In Your Shoes

https://www.inyourshoesproject.org/
A project on American democracy

In Spring 2020, the Government Department and the Theater and Performance Studies program co-sponsored GOVX424/TPST415: Dialogue, Difference & Performance: Performing One Another (Mondays 2:00pm – 4:45pm plus Lab).

This course brings together six students each from Georgetown and Patrick Henry College, a conservative Christian college in Virginia, to use performative techniques of deep listening, interpersonal dialogue, devised performance, and call-and-response to engage the perspectives of individuals across real and perceived ideological divides. This five-credit course offers students a space in which to develop a deeper understanding of their own beliefs and how these beliefs have been cultivated, as well as to explore the shared hopes, dreams and fears that cut across America’s increasingly polarized society. It builds off of a successful pilot project in 2018-2019 and will again culminate in public presentations on both campuses. Please note the course is open by application and interview only.

Information about Spring 2021 will be available in Fall 2020.


Program Background: “In Your Shoes”

Beginning in the Fall of 2018 and running through the 2018-2019 school year, Georgetown University’s Laboratory for Global Performance and Politics, Democracy and Governance Program, and Baker Center for Leadership & Governance partnered with Patrick Henry College Professors Cory Grewell and Mark Mitchell on a process that brought 5 students each from Georgetown and Patrick Henry together in a creative process of mutual dialogue, interview-based script-writing and theatrical performance to explore commonalities and differences of perspective within and among the 2 communities.

Georgetown Professor and co-director of the Laboratory of Global Performance and Politics Derek Goldman brought many years of experience in facilitating processes of developing original performance work through techniques of devised theater, improvisation, interview-based documentary theater,  and original writing/ scripting. He worked collaboratively with Professor Grewell, PHC Professor of Literature and advisor to the College’s Eden Troupe drama program, and an ensemble of 5 students from each campus over the course of the 2018-2019 school year.

Students engaged openly and respectfully in a process that asked them to articulate courageously and imaginatively their own perspectives, viewpoints and stories, and to listen respectfully and do the hard work of imagining themselves “in the shoes” of peers with perspectives that are quite different from their own.  At a time where so many are so polarized and struggling to find forums that accommodate divergent perspectives, we found that the theatrical performance process can be transformative in its ability to engender empathy and  constructive, genuine dialogue in a way that respects and accommodates critical differences.

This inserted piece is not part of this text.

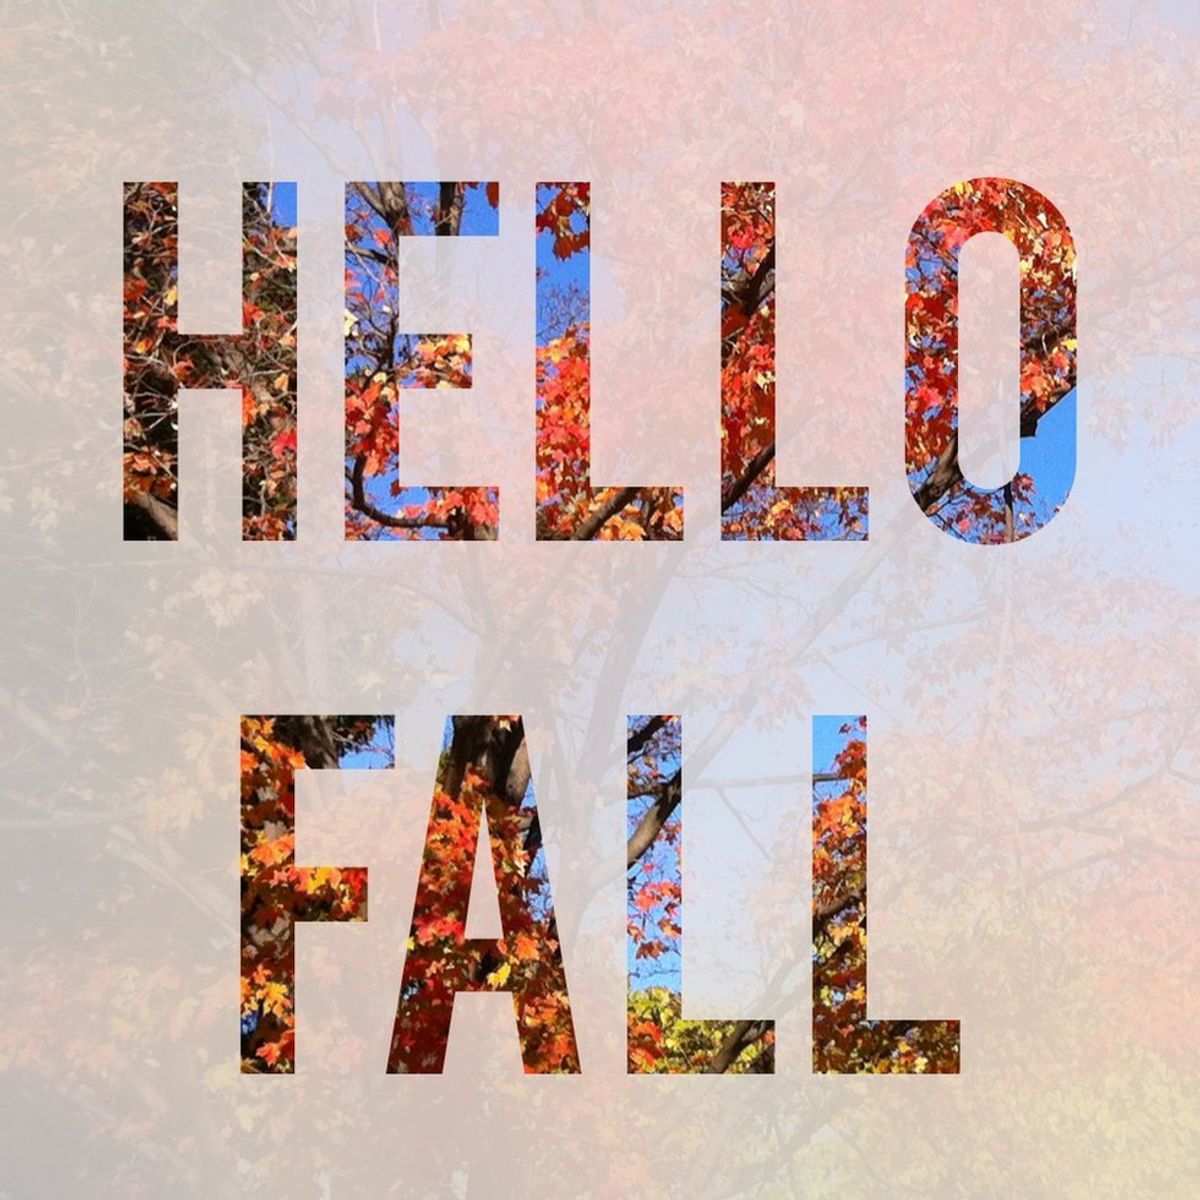 Why I Love Fall

Animating questions that informed our work included reflections on where we each come from, both in a more literal, biographical sense (geography, culture, relationship to home, family etc.) but also in terms of the primary influences that are shaping our values, viewpoints and identities. . How do we define ‘home’? What are our aspirations and hopes for the future? What are our fears? What makes us laugh? How do the answers to these questions help us determine what ‘home’ should look like?